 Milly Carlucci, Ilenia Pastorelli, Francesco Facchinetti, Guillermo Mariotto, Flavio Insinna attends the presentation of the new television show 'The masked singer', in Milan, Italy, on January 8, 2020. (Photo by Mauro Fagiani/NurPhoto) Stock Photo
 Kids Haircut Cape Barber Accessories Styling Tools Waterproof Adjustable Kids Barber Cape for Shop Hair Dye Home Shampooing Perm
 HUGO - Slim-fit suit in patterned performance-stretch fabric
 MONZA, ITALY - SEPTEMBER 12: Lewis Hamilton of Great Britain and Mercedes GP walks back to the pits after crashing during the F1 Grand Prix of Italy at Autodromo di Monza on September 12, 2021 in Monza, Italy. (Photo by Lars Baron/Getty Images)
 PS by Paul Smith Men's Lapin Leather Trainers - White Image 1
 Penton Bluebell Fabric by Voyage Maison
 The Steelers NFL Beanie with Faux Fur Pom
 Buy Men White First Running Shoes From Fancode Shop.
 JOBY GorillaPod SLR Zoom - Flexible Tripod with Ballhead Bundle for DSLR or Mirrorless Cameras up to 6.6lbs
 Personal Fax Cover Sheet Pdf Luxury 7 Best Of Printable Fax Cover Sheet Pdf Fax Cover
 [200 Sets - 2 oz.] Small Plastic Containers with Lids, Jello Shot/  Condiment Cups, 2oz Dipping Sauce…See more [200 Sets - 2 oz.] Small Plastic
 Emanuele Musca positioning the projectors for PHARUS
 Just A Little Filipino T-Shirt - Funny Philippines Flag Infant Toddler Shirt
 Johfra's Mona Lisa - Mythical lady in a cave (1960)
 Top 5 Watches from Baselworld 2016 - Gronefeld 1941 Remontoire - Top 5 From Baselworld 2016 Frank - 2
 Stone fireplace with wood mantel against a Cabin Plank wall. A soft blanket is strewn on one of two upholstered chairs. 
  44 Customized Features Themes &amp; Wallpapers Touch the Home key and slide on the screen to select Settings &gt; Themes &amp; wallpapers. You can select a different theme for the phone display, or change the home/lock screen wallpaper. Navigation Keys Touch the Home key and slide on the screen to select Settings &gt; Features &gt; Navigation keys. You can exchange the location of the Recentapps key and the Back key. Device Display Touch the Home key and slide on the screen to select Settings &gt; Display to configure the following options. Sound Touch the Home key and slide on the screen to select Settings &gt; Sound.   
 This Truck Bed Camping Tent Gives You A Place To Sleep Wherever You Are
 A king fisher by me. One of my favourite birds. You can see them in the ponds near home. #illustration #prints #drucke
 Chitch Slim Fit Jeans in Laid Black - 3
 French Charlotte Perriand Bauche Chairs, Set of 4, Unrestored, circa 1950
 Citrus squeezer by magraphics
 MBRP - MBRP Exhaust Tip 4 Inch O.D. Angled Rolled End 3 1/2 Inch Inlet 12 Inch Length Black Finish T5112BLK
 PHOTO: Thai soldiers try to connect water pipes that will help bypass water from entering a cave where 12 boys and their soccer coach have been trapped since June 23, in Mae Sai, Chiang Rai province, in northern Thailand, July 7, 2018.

**Exercise description:**
Above are the records; from them, give again exactly the lines from the one containing "French Charlotte Perriand" through the one containing "MBRP - MBRP", both included.

**Task response:**
 French Charlotte Perriand Bauche Chairs, Set of 4, Unrestored, circa 1950
 Citrus squeezer by magraphics
 MBRP - MBRP Exhaust Tip 4 Inch O.D. Angled Rolled End 3 1/2 Inch Inlet 12 Inch Length Black Finish T5112BLK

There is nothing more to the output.